Terra Sigillata

The safety and effectiveness of medicines and other health products is dependent upon their proper use, particularly the proper route of administration. There are reasons why products are labeled as “for topical use only” or “do not swallow” – two recent warnings from the US FDA illustrate these issues.

Allergic Reactions with Use/Misuse of Denture Cleansers

The FDA recently announced reports of one death and 72 other adverse reactions in individuals who ingested denture cleansers meant to be used in a container with one’s dentures removed. A crucial oxidizing agent, salts of persulfate, can cause allergic reactions in susceptible individuals when swallowed, when swished in the mouth or, more alarmingly, even when residual cleanser solution remains on the dentures when reinserted.

[All sorts of biologists will recognize persulfate (ammonium salt) as the oxidizing agent used to catalyze the crosslinking of acrylamide monomers to make gels for the resolution of proteins and nucleic acids - that is, if you don't have the luxury of purchasing per-poured gels]

An allergic reaction to persulfates may not occur after the first use or even until after many years of use. Symptoms of an allergic reaction may not appear for several minutes or even hours after actual use. Symptoms may include irritation, tissue damage, rash, hives, gum tenderness, breathing problems, and low blood pressure.

As a result of these cases, FDA is recommending that denture cleanser manufacturers clarify product instructions and offer a consumer education campaign (FDA’s PDF here). Moreover, FDA is recommending that manufacturers begin to investigate the potential for replacing persulfate with other oxidizing/bleaching agents that do not cause these hypersensitivity reactions:

To reduce misuse of denture cleansers, FDA is also recommending that manufacturers improve the directions on the label. Labeling revisions are needed to make it clear that these products are meant to clean dentures in a container, not while still in the mouth.

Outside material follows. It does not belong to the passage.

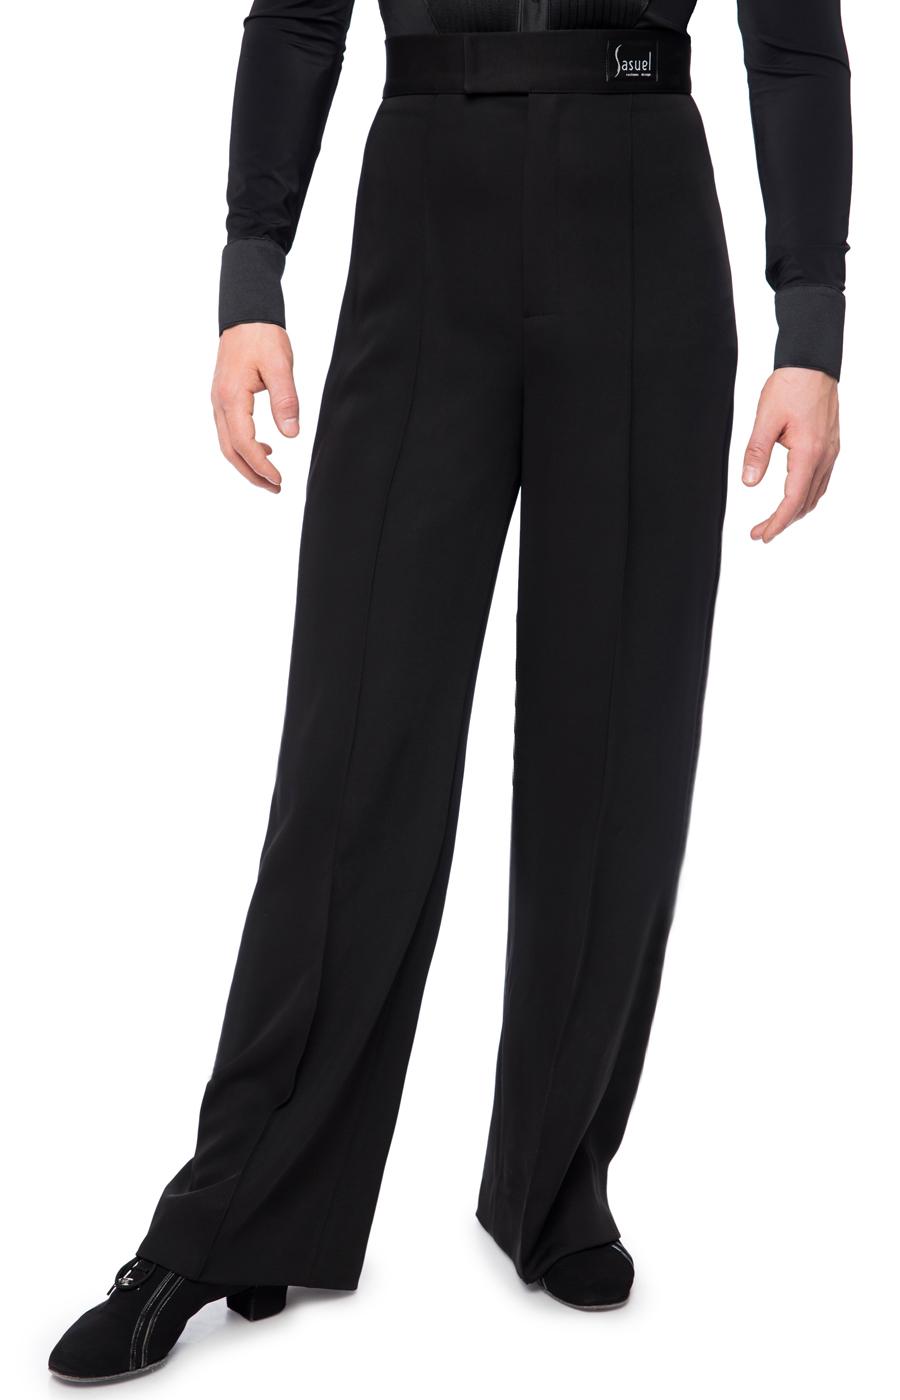 Men's basic trousers
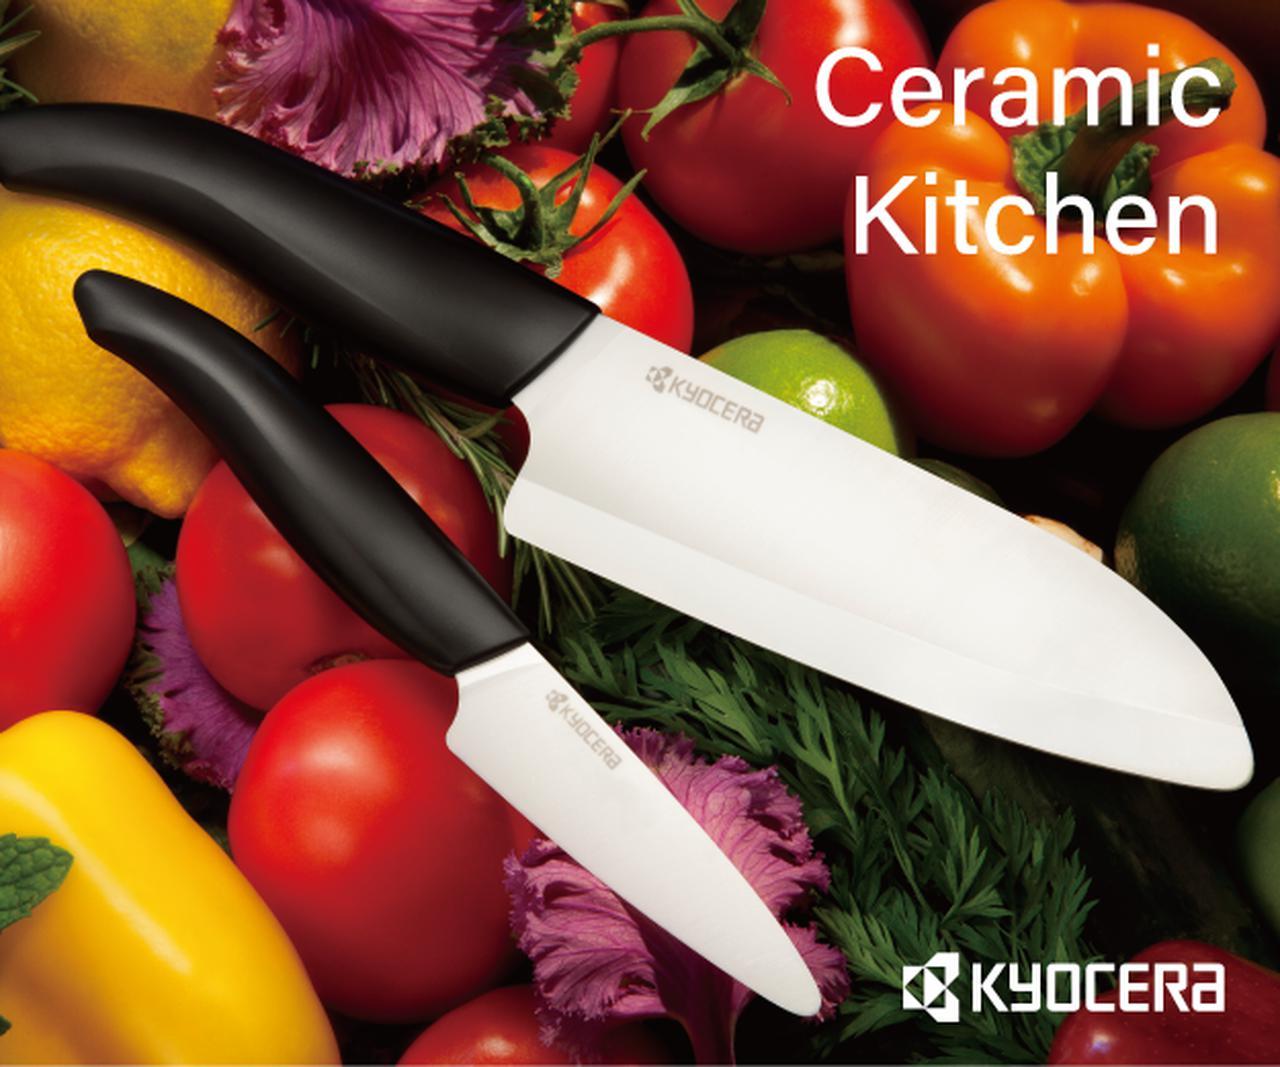 セラミックキッチン·日用品 | 京セラ

Some patients have gargled or swallowed denture cleansers, resulting in abdominal pain, vomiting, seizures, breathing problems, and low blood pressure. Dentures should be thoroughly rinsed with water before they are placed in the mouth.

Inhale, Do Not Swallow Spiriva or Foradil Capsules

This FDA public health advisory may come as a surprise to many who don’t use bronchial inhalers. Spiriva® brand of tiotropium bromide and Foradil® brand of formeterol fumarate are inhalation powders used to treat asthma and chronic obstructive pulmonary disease (COPD) as “maintenance” medications, as opposed to fast-acting inhaled drugs like albuterol that are used during acute asthma attacks.

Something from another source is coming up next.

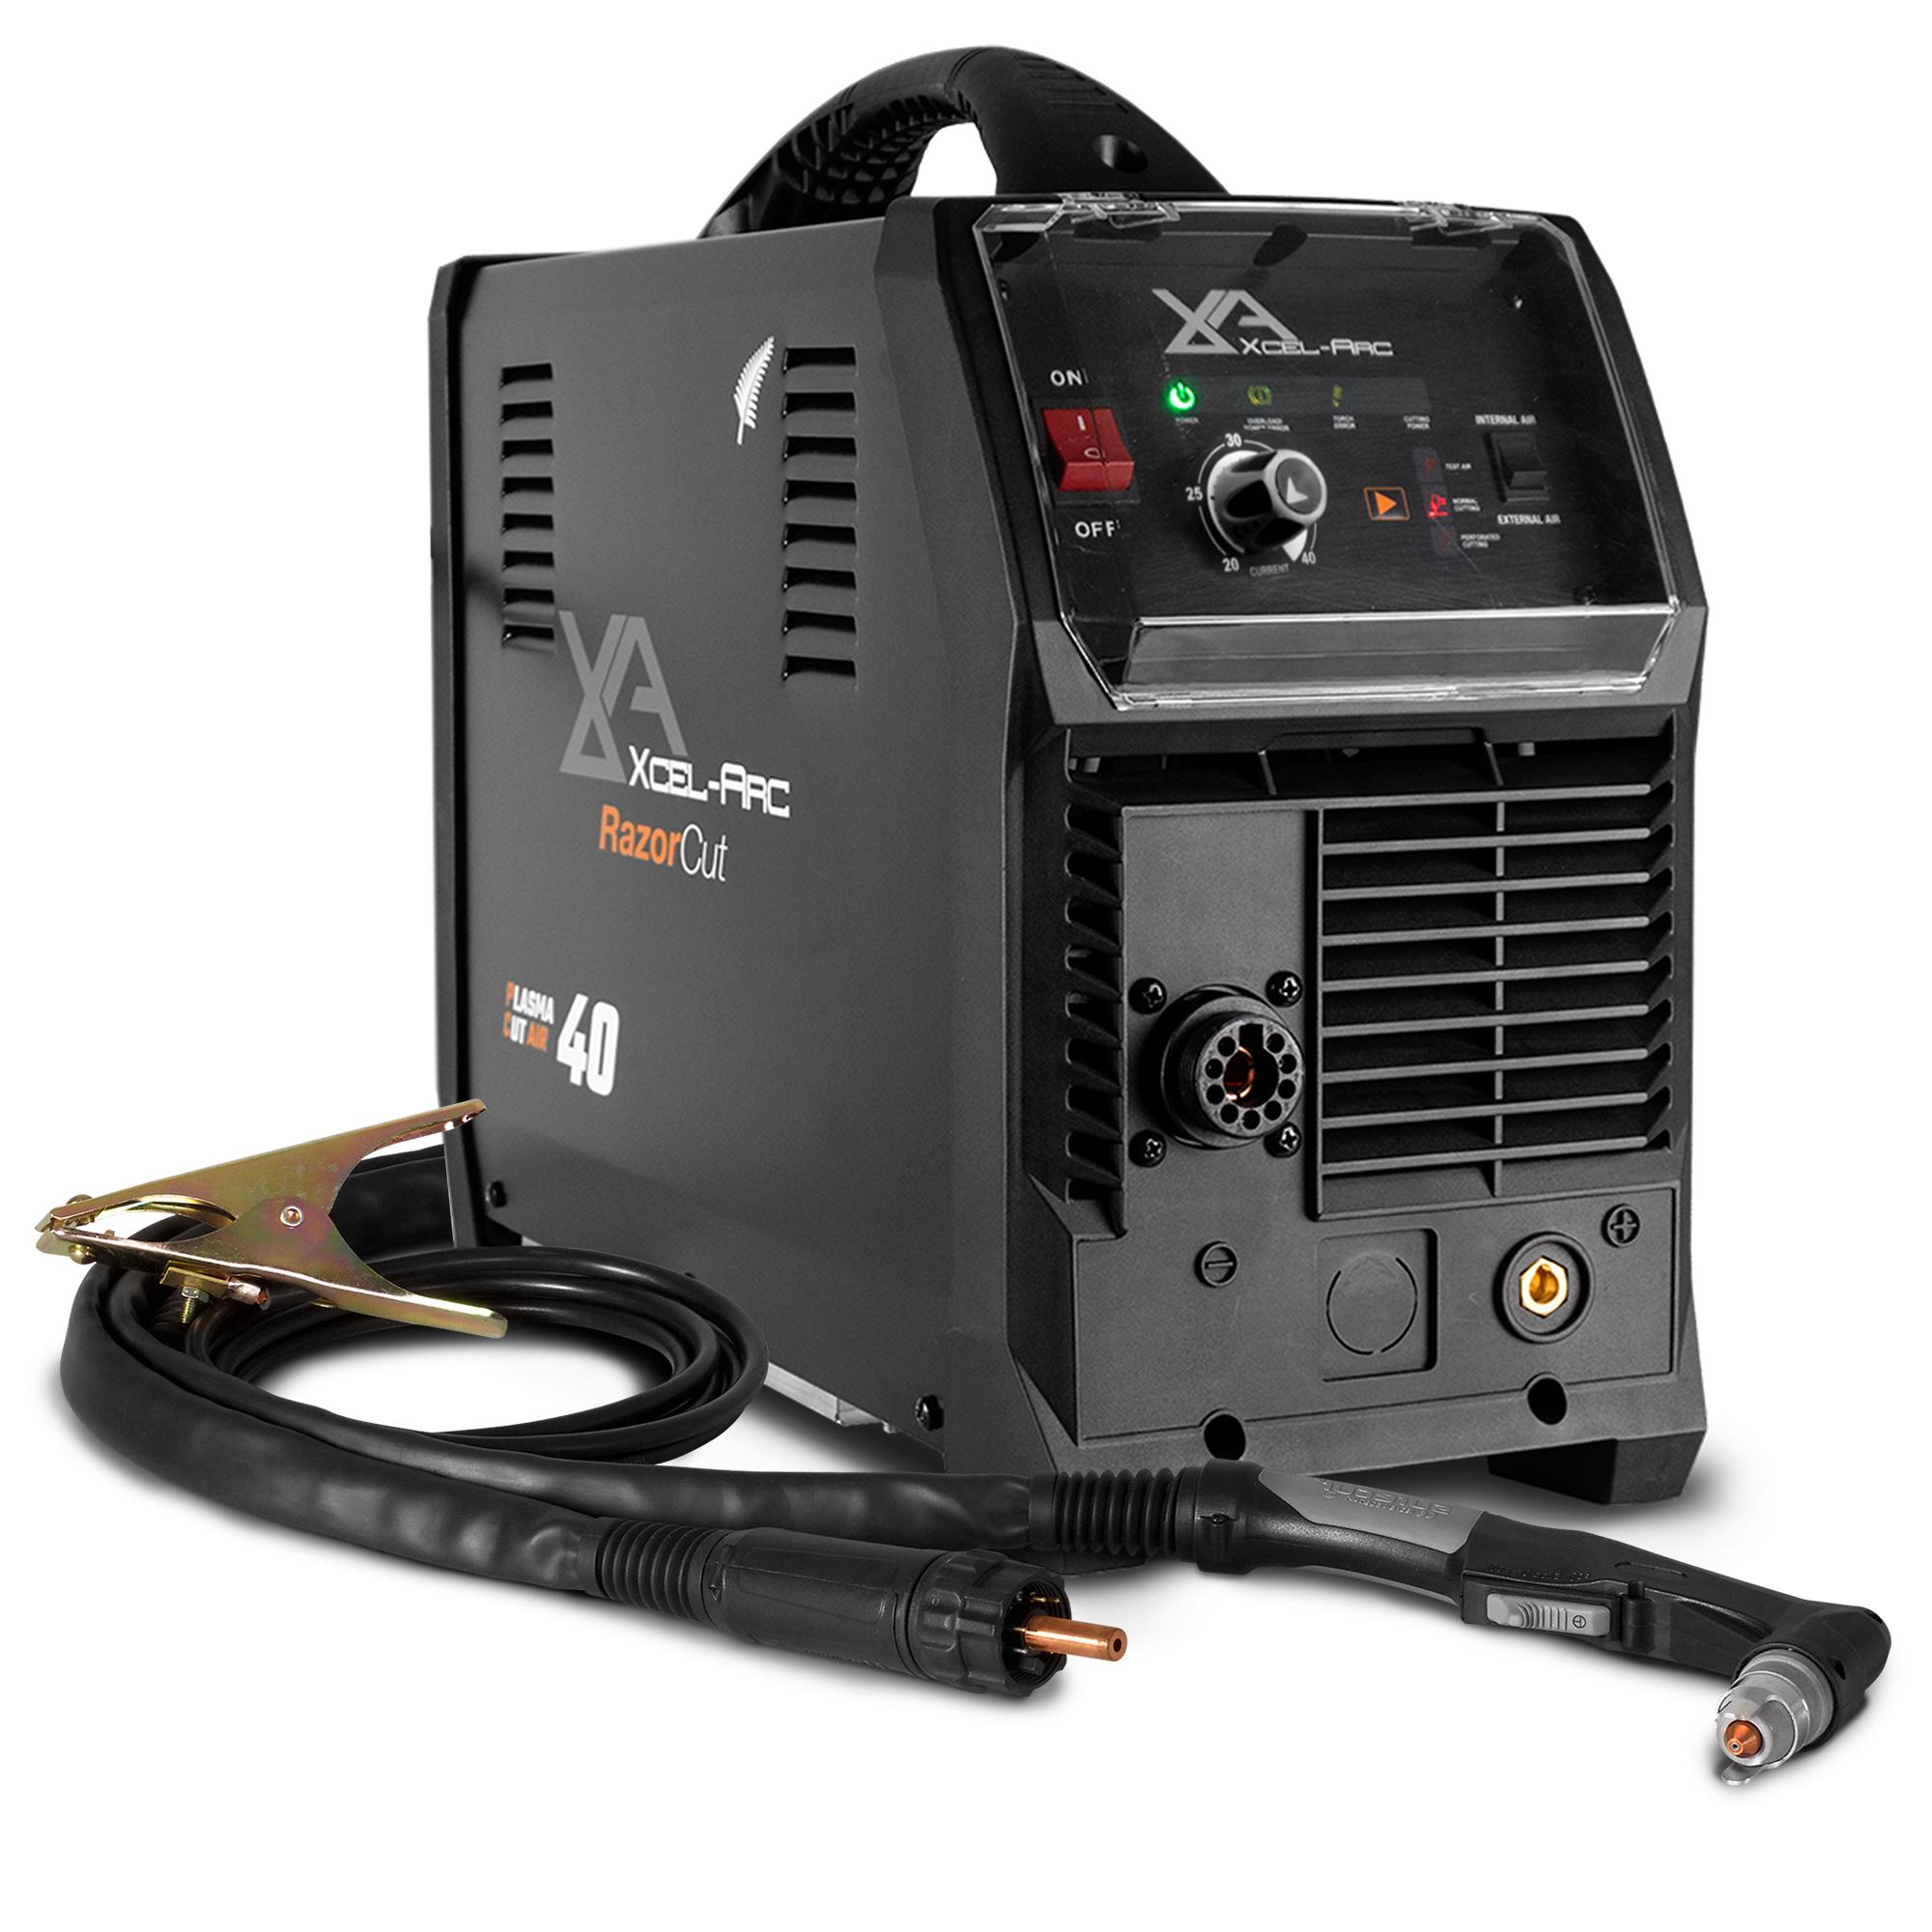 razor-cut-40-air-kit-1.jpg

Supplied as capsules, they are meant to be used in inhalation devices HandiHaler® (Spiriva) and Aerolizer® (Foradil) – each of these drugs and devices require that the patient insert a capsule into an inhaler device, then press a button or buttons that pierces the capsule and allows the micronized drug powder to be inhaled.

For pharmacology background: tiotropium is of the anticholinergic drug class, meaning that it has a potent inhibitory effect against acetylcholine nerve-induced contraction of airways; formeterol is a β2 adrenergic receptor antagonist, or blocker, meaning that it mimics the effect of your own norepinephrine- or epinephrine-induced dilation of airways but in a much more sustained manner.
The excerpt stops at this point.